# USA Archery vs NFAA



## Moebow (Jul 8, 2010)

Both have their place. And it depends on what you mean by "target archery." I don't know the membership numbers for the two organizations, but USA Archery is the Olympic governing body for that style archery in the US. NFAA is more oriented to hunting (3 D) and field style archery but mostly target. Just different targets and range setups (different archery games). Check out both web sites. Different interests and goals produce different organizations.

Arne


----------



## Joe Schnur (Mar 22, 2012)

Nfaa if compound usa archery considers compound secondary and before I get called out show me their training Pgm that applies specifically to compound archery


----------



## ccwilder3 (Sep 13, 2003)

Nfaa has a much larger membership. USA archery and the NFAA have an agreement that a member in one can shoot in the other's tournaments.


----------



## b0w_bender (Apr 30, 2006)

*NFAA* 
is primarily concerned with Field archery where you walk around a course and shoot at paper targets a varied marked distances.

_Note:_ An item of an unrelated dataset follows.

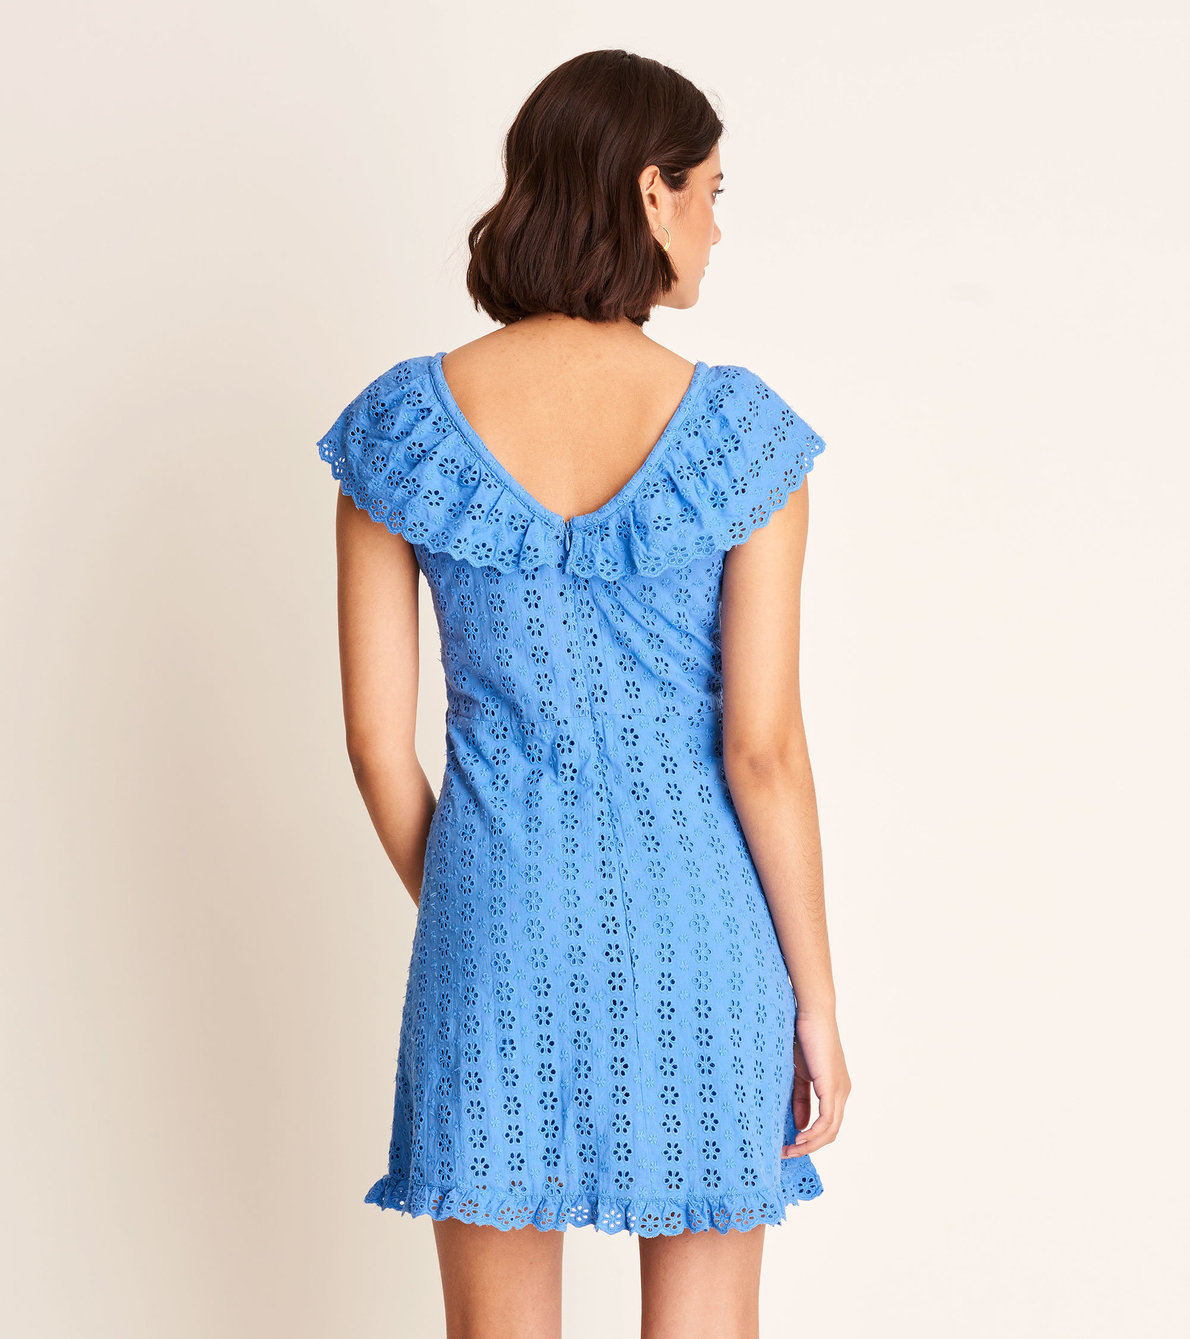 View larger image of Eyelet Shift Dress - Periwinkle

Of course they do have some 3D shoots and Indoor shoots (Vegas) but their focus is field shooting. They support and encourage shooting with all types of archery equipment. They have a lot more shooting divisions and a handicapping systems too that help support league shooting and completions. Their targets are generally unique to their organization. 
*
US-Archery* 
As stated above is the governing organization for Olympic shooting. For this reason they tend to focus much more on recurves and Olympic style shooting although the company line is that they are pro all things archery including compounds. They tend to be a lot more closely tied to international events and international competitions too. Because they are international focused they tend to conform more closely to the international rules.
*
IBO*
International bowhunters Organization is the most common scoring system for 3D shoots. Bowhunting clubs where the focus is on hunting tend to be most often associated with IBO and not US Archery or NFAA.


----------



## limbwalker (Sep 26, 2003)

Not sure why it matters who "most" belong to. It should only matter which one suits you better, shouldn't it ?

Bender is correct.



> show me their training Pgm that applies specifically to compound archery


Joe, however...

http://www.teamusa.org/USA-Archery/...ery-Debuts-Compound-Junior-Dream-Team-Program

Maybe not so much.


----------



## Mr. Roboto (Jul 13, 2012)

Well, the NFAA has plenty of target opportunities. They have the 20 yard multicolor indoor, the 20 yard Blue face indoor, the 600 and 900 outdoor target rounds. Apparently the NFAA Indoor Target nationals draws more people to Kentucky then the USAA Indoors. This doesn't even count the 2000+ people that shows up for the Vegas round. And the NFAA has a boat load of field, safari, and 3D rounds.

The NFAA also lets you wear blue jeans at all of their tournaments, or kilts if you have them.

The NFAA doesn't discriminate against the type of bow you want to shoot at any tournament. 

Now the USA Archery has the prestige of being the only route for anyone to qualify to represent the US at the Olympics. Or represent the US for any of the world championships. Because they are the only way to the Olympics or world events, then one has to find the appropriate tournaments in their locale to develop their skills. 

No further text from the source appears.